The catalytic cycle of an enzyme involves at least three steps: substrate binding, chemical transformation and product release. The simplest kinetic scheme used to understand enzyme catalysis is that proposed by Michaelis and Menten, which involves the formation of a substrate-catalyst complex previous to the actual chemical reaction:

(1)   \begin{equation*}  E + S \rightleftarrows ES \longrightarrow P + E \end{equation*}

We will focus here on the chemical step, showing how enzymatic chemical reactions can be analysed from a computational perspective and what have we learnt from these studies. We discuss theoretical approaches for the study of catalytic activity, consensus and discrepancies reached until now to describe the origin of this activity, and attempts to use all these findings in the development of new and more powerful catalysts.

Enzyme catalysis in Theoretical Chemistry

A complete understanding of chemical reactions requires an interpretation of the macroscopic observations (in this case the rate constant of the chemical step) from a microscopic perspective. The Transition State Theory (TST) is probably the most used theory to predict and interpret macroscopic rate constants from first principles [3]. TST establishes that the rate of a chemical transformation can be expressed as the probability to reach an activated conformation (or Transition State, TS) from the reactants (or Michaelis complex, ES in (1)) multiplied by the frequency needed for this complex to achieve the product state. The probability that reactants reach the activated conformation is given by the free energy difference with the TS, or activation free energy (\Delta G^\ddagger). The TST expression for the rate constant k_r of an unimolecular reaction (as the conversion from ES to P reflected in (1)) is then given by:

(2)   \begin{equation*}    k_r = \frac{k_BT}{h} \: e^{-\frac{\Delta G^\ddagger}{RT}} \end{equation*}

where the exponential factor accounts for the probability to achieve the TS and the preexponential term (where k_B is the Boltzmann constant, h is Planck’s constant and T is temperature) is the universal frequency term. This theory is valid for many of the cases in which chemists are interested, except for those situations where thermal equilibrium is not reached or when light nuclei (hydrogen) are transferred. Nevertheless, even in this latter case, the TST expression can be corrected to account for those situations in which the light particle can tunnel through the energy barrier due to its non-classical nature.

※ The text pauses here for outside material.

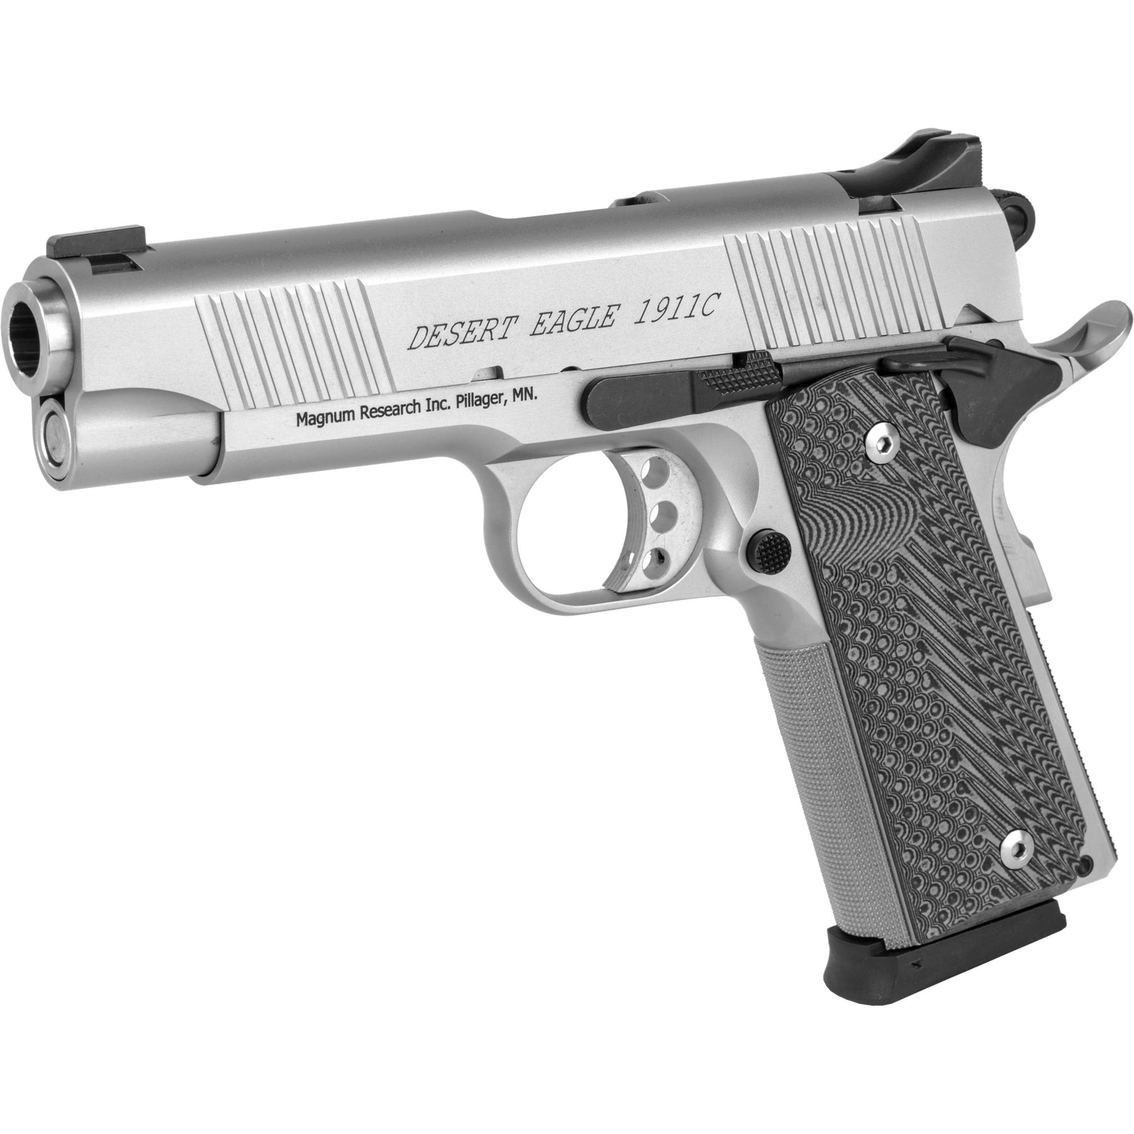 Magnum Research 1911c 45 Acp 4.33 In. Barrel 8 Rds 2-mags Pistol Black | Handguns | Sports & Outdoors | Shop The Exchange

Potential Energy Surface of a chemical reaction in a small molecular system and in an enzyme

Figure 1. Potential Energy Surface corresponding to a chemical reaction. (a) Small molecular system. (b) Enzyme. In large biomolecular systems there are myriads of possible stationary structures and the corresponding Potential Energy Surface is very rough. Simulations methods are needed to explore the relevant conformations of the system.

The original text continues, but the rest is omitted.